Somatosphere || October 30, 2018
The Mercurial Life of Drugs: Psychedelics as models, risk factors, and treatments for mental disorders
By Johanna Pokorny, Kris De Meyer, Philipp Haueis, Tara Mahfoud, and Sam McLean
The Neuroscience and Society Network organised a workshop on 11-12 July 2018 at the Institute of Psychology, Psychiatry and Neuroscience (IoPPN) at King’s College London (KCL) titled “The Mercurial Life Of Drugs: Psychedelics As Models, Risk Factors, And Treatments For Mental Disorders”. In the workshop, we explored what makes psychedelic research unique, different and potent, and how do (or how might) researchers manage this.
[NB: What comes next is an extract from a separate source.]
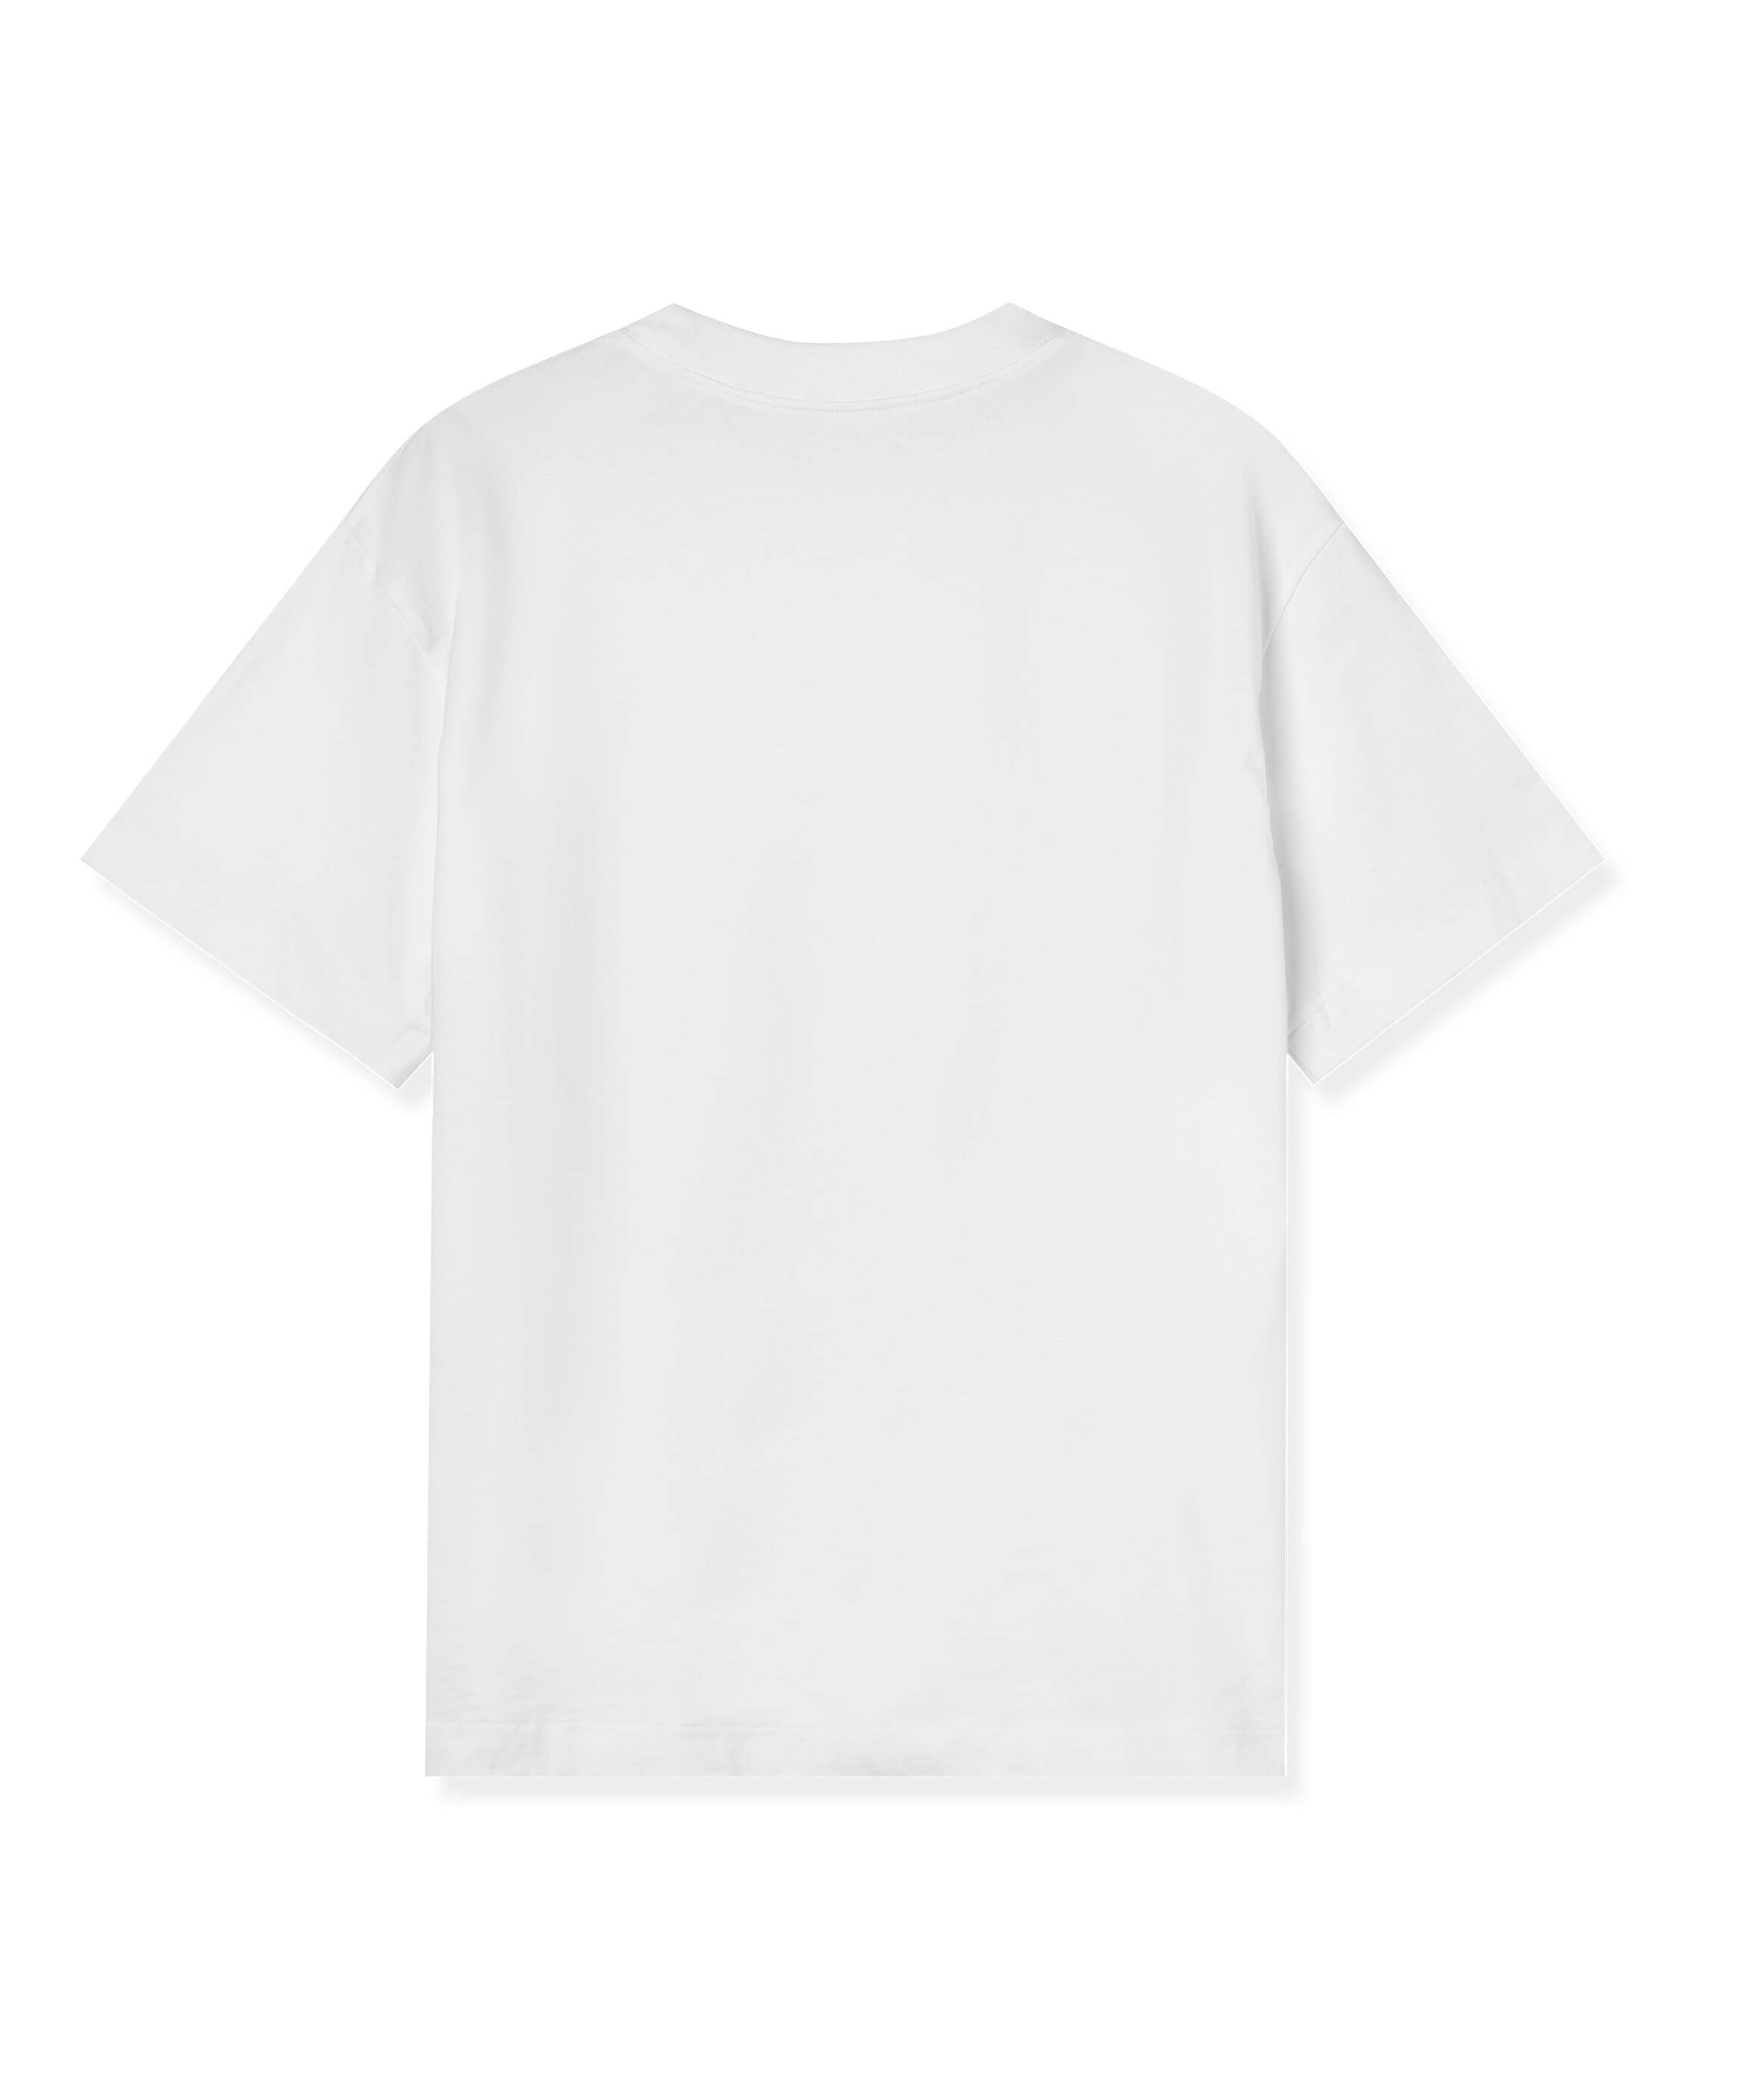 Self-Care Box T-Shirt (Male)

Recent decades have seen a ‘revival’ of psychedelic research, and the interest seems to already capture the potency and potentiality of these substances—they are not just like any other drug. In this research, psychedelics and related compounds – LSD, psilocybin, cannabis, ketamine – are used in different, sometimes seemingly contradictory, ways. In some cases, they are potential risk factors for psychosis and other mental disorders (Arseneault et al., 2002; Henquet, Murray, Linszen, & van Os, 2005). The effects of psychedelics are also used as models of psychotic states associated with mental disorders (Langlitz, 2017). However, more recently, researchers have been exploring their therapeutic value, suggesting that they open up new possible directions for treatments for mental illnesses such as anxiety and depression (Carhart-Harris et al., 2016; Vollenweider & Kometer, 2010).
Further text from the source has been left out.